*** Opening DATASET SECTION ***
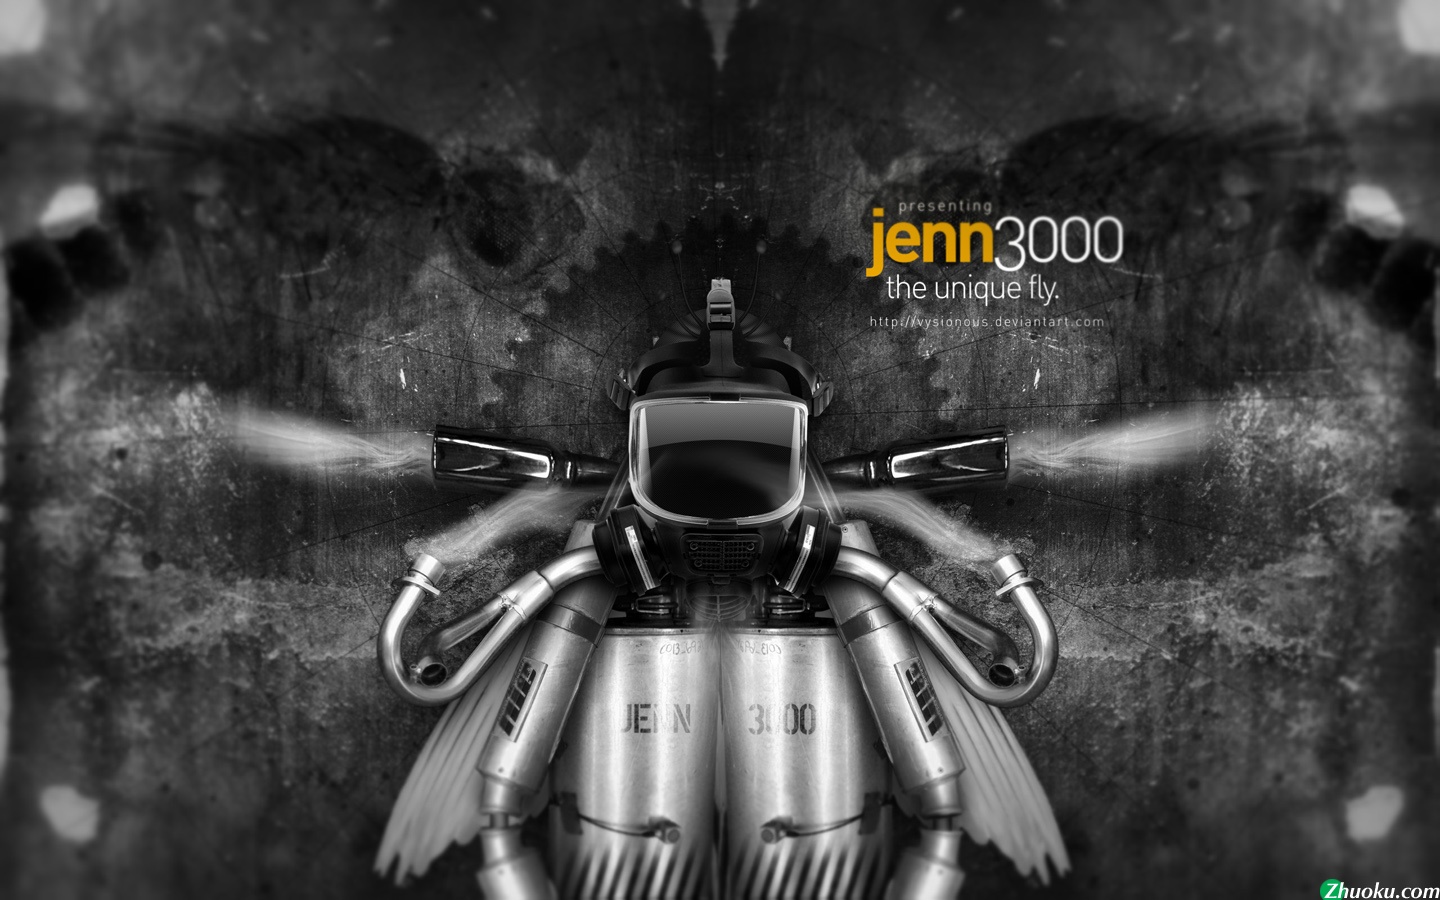 壁纸1440x900Jenn the Fly 壁纸8壁纸 Jenn, the Fly.壁纸 Jenn, the Fly.图片 Jenn, the Fly.素材 精选壁纸 精选图库 精选图片素材桌面壁纸
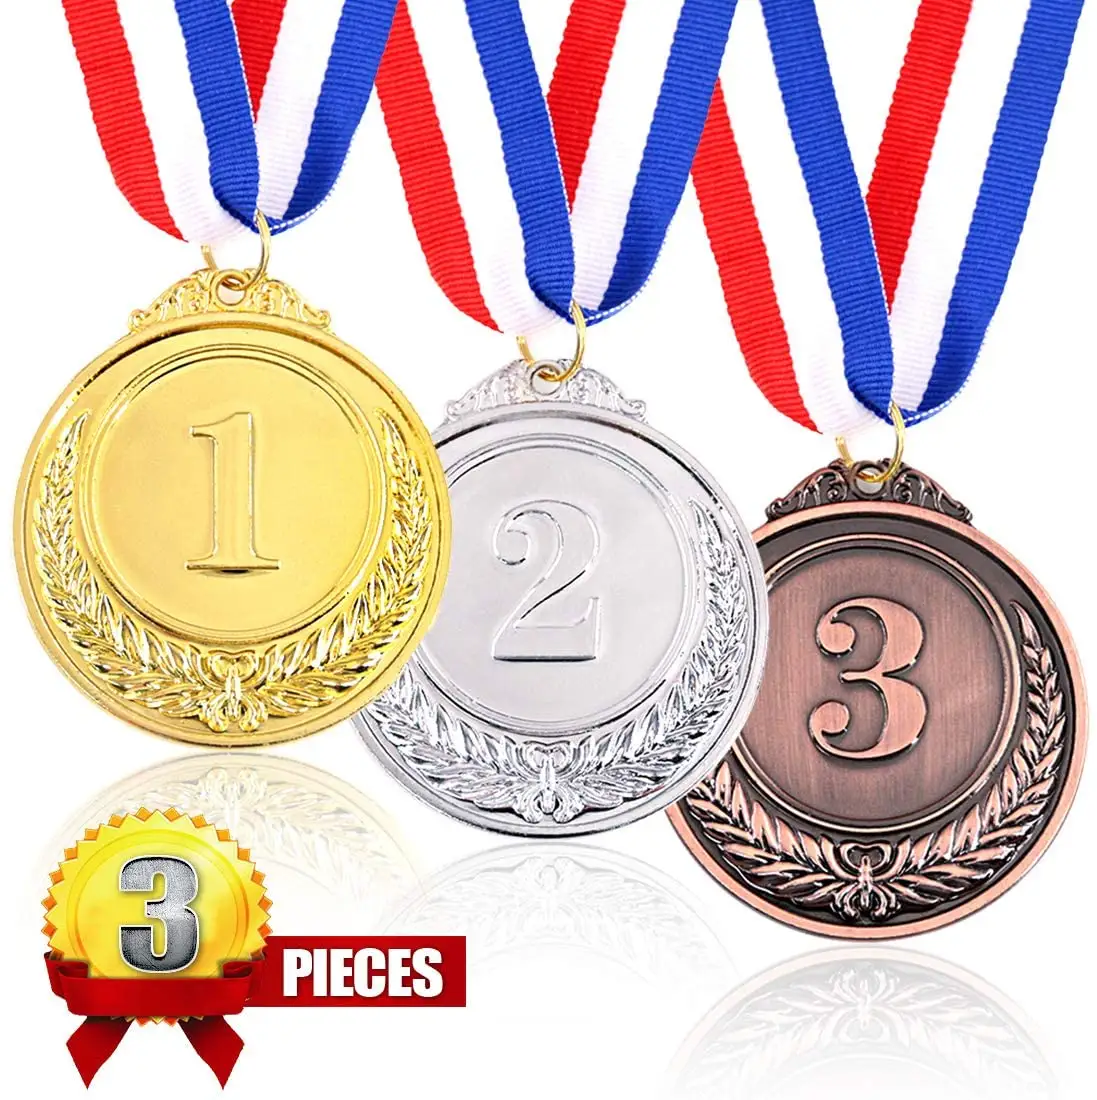 カスタムランニングスイミングダンスヨガスポーツゲームサッカーボクシングゴールドメダル
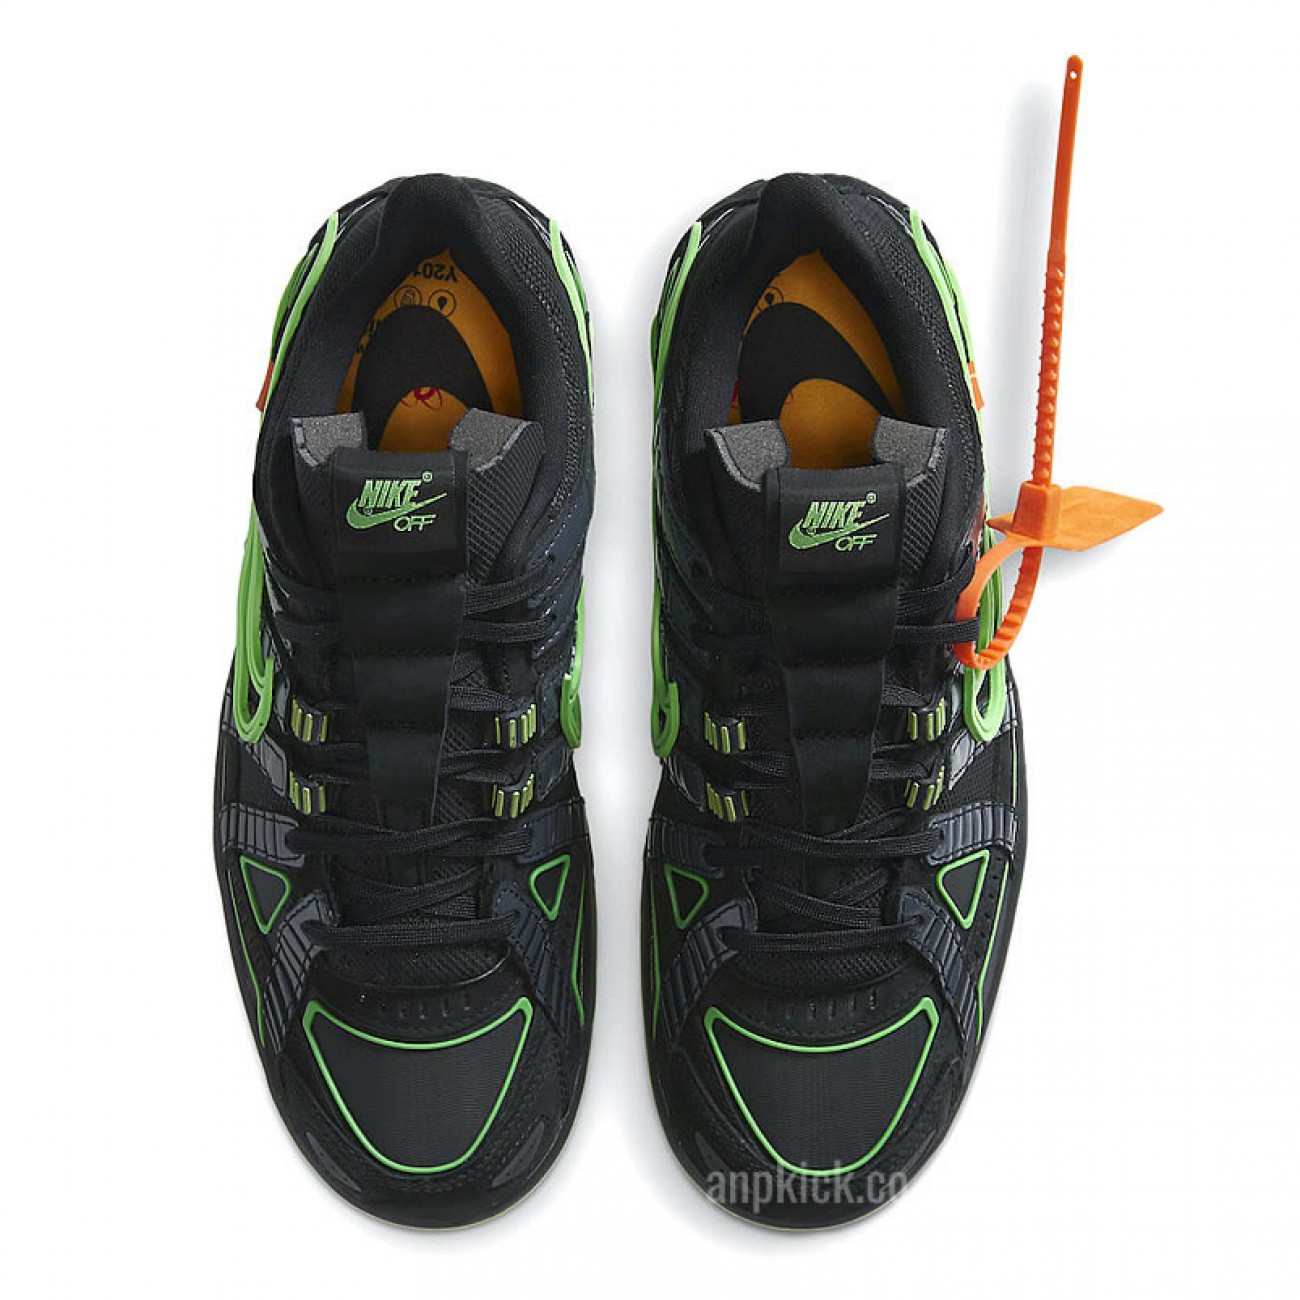 Off-White x Nike Air Rubber Dunk "Green Strike" Release Date CU6015-001
*** Closing DATASET SECTION ***
**WHAT YOU SHOULD DO:** Please repeat each line above exactly as it appears, but omit the pictures.

**SOLUTION FOR THIS EXERCISE:**
 壁纸1440x900Jenn the Fly 壁纸8壁纸 Jenn, the Fly.壁纸 Jenn, the Fly.图片 Jenn, the Fly.素材 精选壁纸 精选图库 精选图片素材桌面壁纸
 カスタムランニングスイミングダンスヨガスポーツゲームサッカーボクシングゴールドメダル
 Off-White x Nike Air Rubber Dunk "Green Strike" Release Date CU6015-001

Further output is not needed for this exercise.